Minerva was much the same way.


She embodied unconditional love for another human being, no matter his background or religious affiliation. She had an open heart. She had a quick wit and stubbornness I find admirable. She questioned others. She second guessed herself. She believed in her work, her passion. She let herself fall in love. She was vulnerable and embraced it.


Her example has been immeasurable in my life. Spiritual wounds have healed because of her story. She’s helped me smile and mean it. I’ve gained insight into my past relationships with men “not part of the fold” and used that knowledge in my current eternal marriage. She’s given me perspective in balancing my marriage and theatrical career. She’s shown me the importance of following the Spirit, no matter the prompting.


I hope her story fosters others’ faith, as it has mine.


—Chelsea Hickman






“You can have sagebrush colors; blues, grays, and add a little red, and wheeee... I want a touch of red in my heaven.” (1)


Minerva Kohlhepp Teichert was a Mormon wife, mother, and artist. In her remarkable lifetime she completed over 400 paintings and three books of fiction. The subjects of her art had a special focus on women, the West, and the Book of Mormon.


She was born on August 28th, 1888 in North Ogden, Utah to Mary Ella Hickman and Frederick John Kohlhepp. Minerva was the second of nine children. When she was still
very young her family moved to Southeastern Idaho where they lived close to the
Fort Hall Indian Reservation. This early influence defined much of Minerva’s work. She sustained an interest in Native Americans throughout her life and frequently represented them in her artwork.


Minerva showed an early aptitude for drawing and art which her family supported. In 1902, at age fourteen, she moved to San Francisco where she nannied for a wealthy family while attending the Mark Hopkins Art School.
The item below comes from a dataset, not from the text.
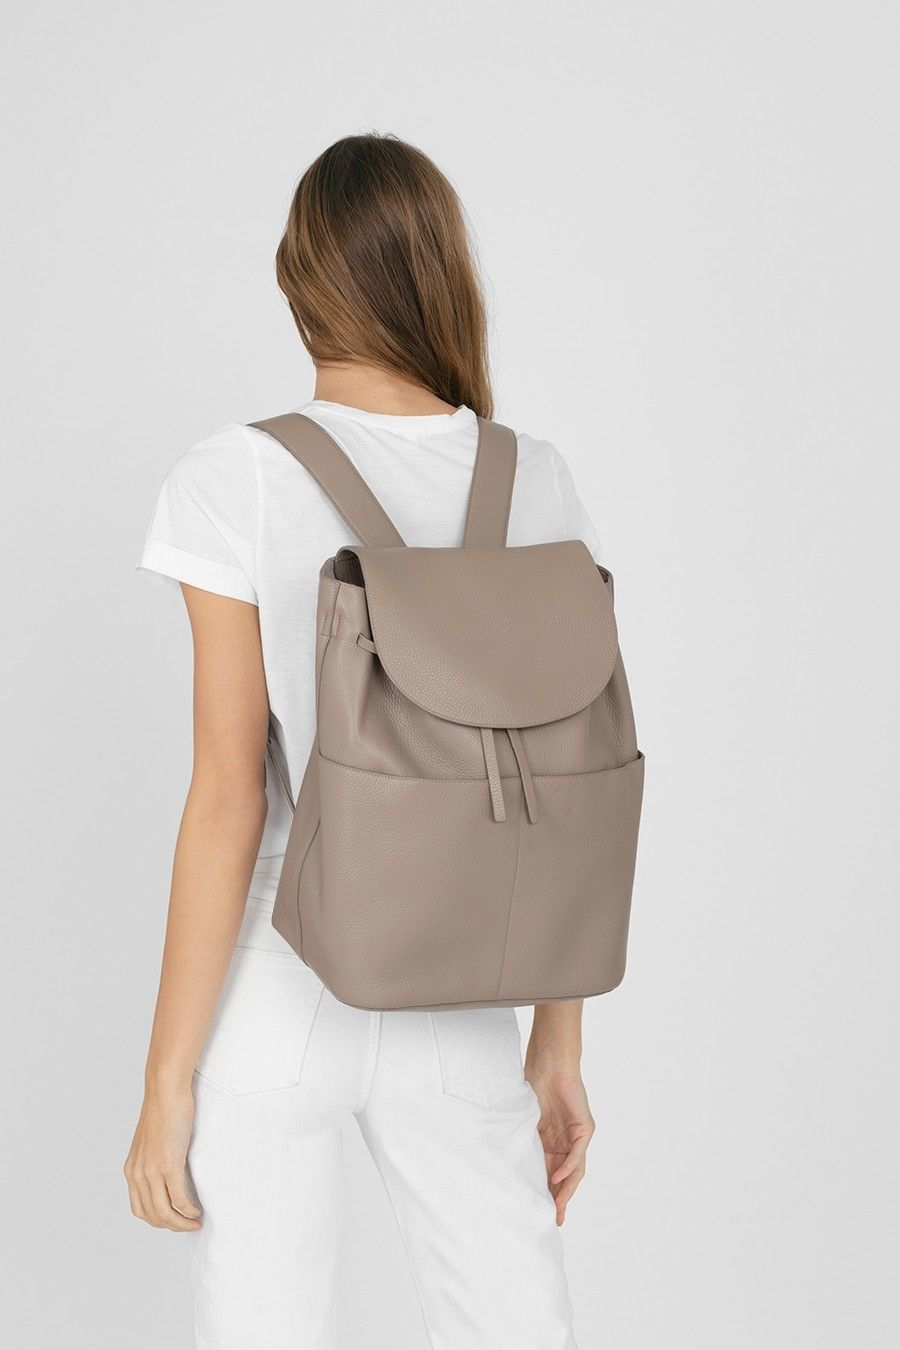 55eb6466e3 Large Leather Backpack

After graduating from high school in Pocatello in 1906, she moved to Chicago for a time where she continued her studies in art. Her early work as an artist allowed her to help support her father while he served a foreign LDS mission.


It was in 1912 that she met Herman Teichert. At the time, Minerva was living with Agnes Driscoll, Herman’s sister. Minerva and Herman got off to a rocky start because Minerva chose to get engaged to another man over Herman. She called that engagement off when she found out that he had expressed some anti-mormon sentiments. Herman wasn’t a member either, but he was different from this first beau.


However, Minerva was faced with a choice: enrollment at the Art Student’s League in New York City, or marriage to Herman. She chose the Arts Student’s League. While in New York she was tutored by Robert Henri, a noted Impressionist painter of his day. Robert believed that Minerva had great potential as an artist, and he encouraged her to paint the thing nearest to her heart, the Mormon story.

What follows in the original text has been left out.